# MFJ versus MFS?



## The_Animal

#1: I don't want the US Government messing around in my Canadian income business. 
#2: My wife is the American citizen, and all the US Government needs to know is that she's the only one that they have the right to demand taxes from. 

In this tax situation, do you think that it would be wiser for her to classify herself as Married Filing Separately? 

Is the added headache from the IRS worth it to get the joint tax exemptions? I don't think so. 

Whoever is up to date on their filing and have a foreign spouse (Canadian citizen); what did you pick? MFS or MFJ?


----------



## Peg

On my 1040s, I chose Married Filing Separately. My husband is a Canadian. My income was always lower than $35,000 and I used either the Foreign Earned Income exclusion or the Foreign Tax Credit each year.
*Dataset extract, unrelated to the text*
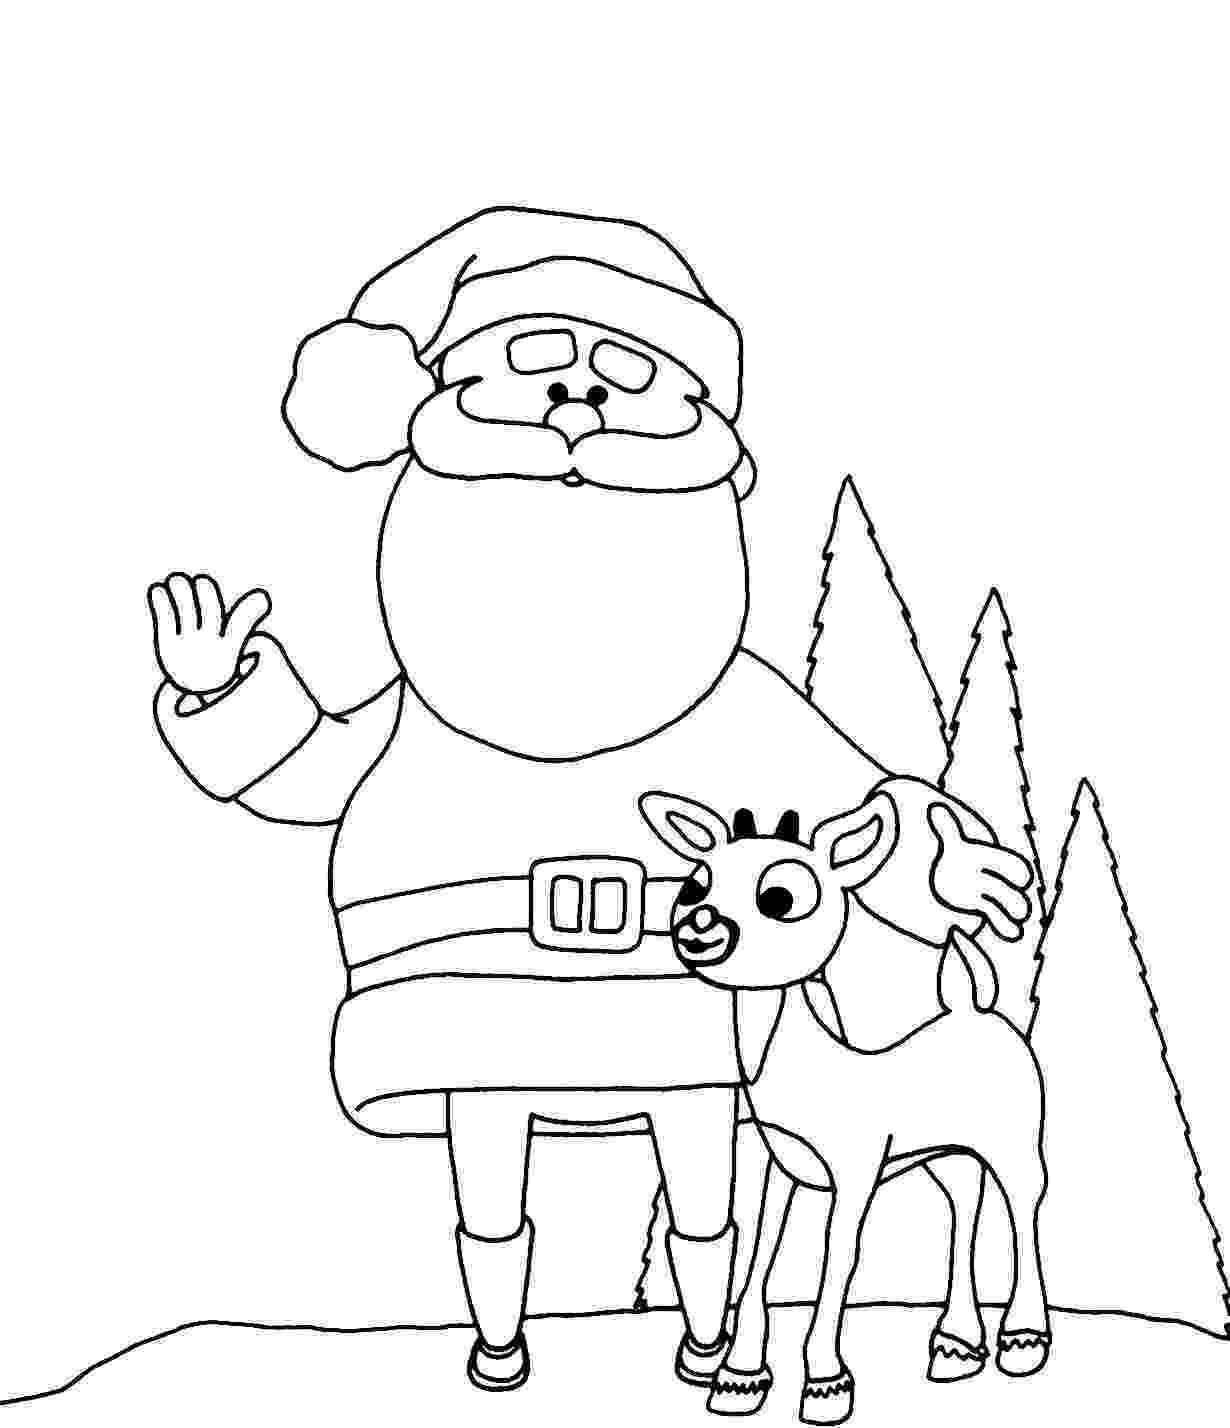 santa claus color yucca flats nm wenchkin39s coloring pages rankin bass claus color santa

There is no way that I was sending any of my husband's information --- for Spouse name I wrote NRA (Non-resident alien) as per Bev's input here on the forum.


----------



## The_Animal

Peg said:


> On my 1040s, I chose Married Filing Separately. My husband is a Canadian. My income was always lower than $35,000 and I used either the Foreign Earned Income exclusion or the Foreign Tax Credit each year.
> 
> There is no way that I was sending any of my husband's information --- for Spouse name I wrote NRA (Non-resident alien) as per Bev's input here on the forum.


My wife makes roughly between $12,000-$14,000 through part-time retail. I make quite a bit less...

I doubt that she wouldn't get her FIE if Marrying Filing Separately. And frankly, I doubt that she wouldn't get a nil-return/refund.


----------



## Peg

The_Animal said:


> I doubt that she wouldn't get her FIE if Marrying Filing Separately. And frankly, I doubt that she wouldn't get a nil-return/refund.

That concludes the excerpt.